I'm not sure how big this miniature is. If this is a 1 inch high miniature, that is a counterpoint to Larry Elmore's painting, I think it does a really good job of being both similar and intentionally different. And the blobs on the shield are not stretched. I used to have plastic Airfix figures and they quite often had stretched bits round the side. This mini looks really good. (Although I don't think it's so good that I'm going to randomly buy $25 mystery boxes in the hope of finding this rare mini. I don't have the money to blow on multiple duplicates of things I was not trying to buy.)

A number of people (both here and elsewhere) have said they would like to see two miniatures. If you actually reach out to WizKids you might even find that they have also made a "recreation" version of this, that has a front that is male. They may even have done enough research to have seen the toy figure based on Larry Elmore's painting and pulled some of the features of that back into a 3D rendering of "what Larry Elmore might have done". (Of course, that would not be the front of Larry Elmore's figure either.
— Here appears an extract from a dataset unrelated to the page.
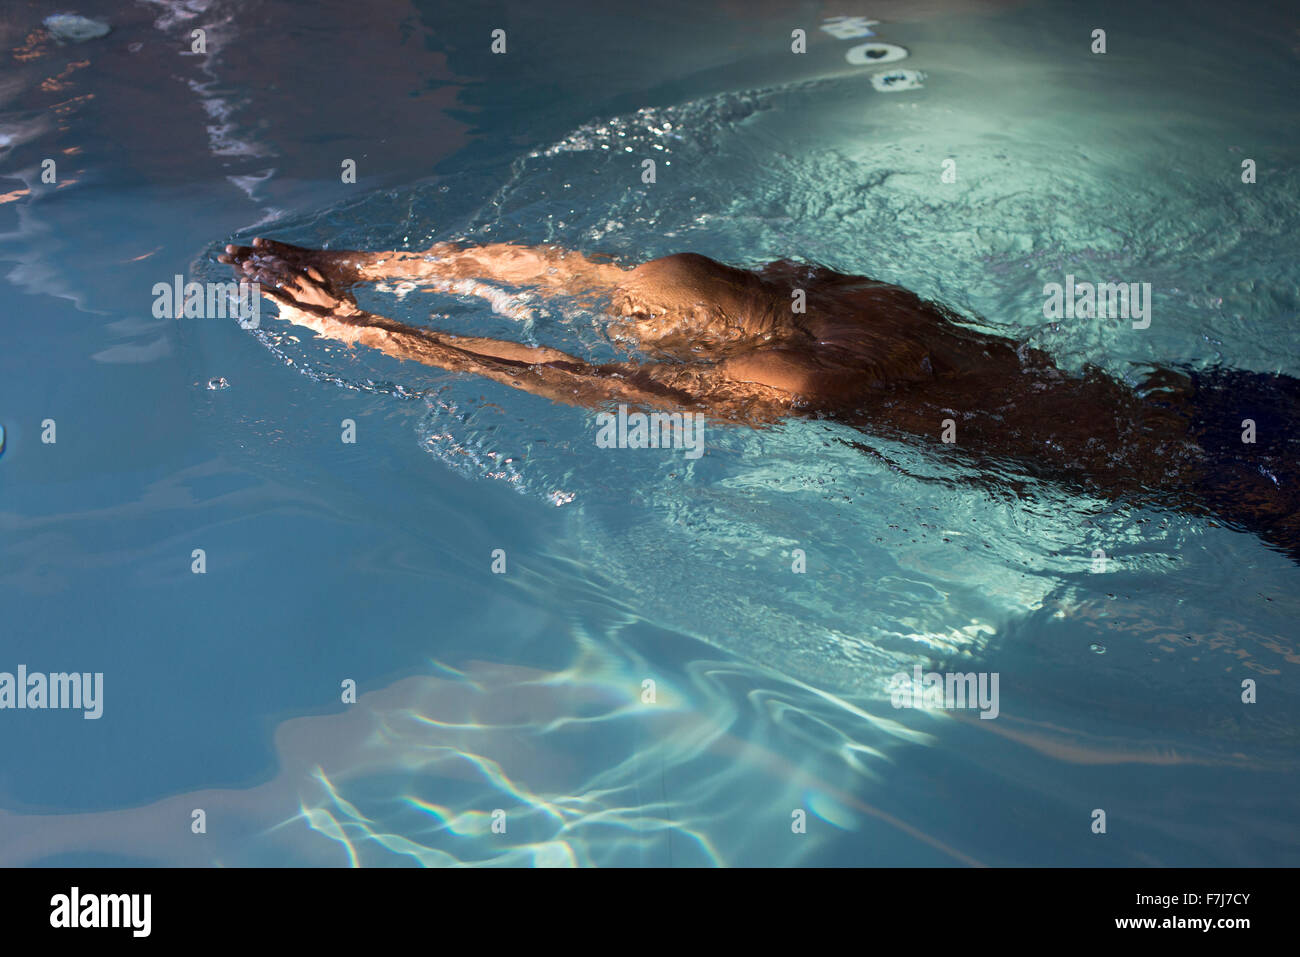 Man swimming in pool Stock Photo

It is still a different artist being inspired by the original artist.)

There may well be a number of concept drawings made for all of the miniatures (old and new) where the artists at WizKids were figuring out how much detail they could get into the various miniatures, without making the molds too complex. I would love to see those sort of sketches.

If you do reach out to WizKids, it would be nice if you could do an interview with the artists who design the miniatures, rather than just talk to some sort of spokesperson, who wasn't involved in the process.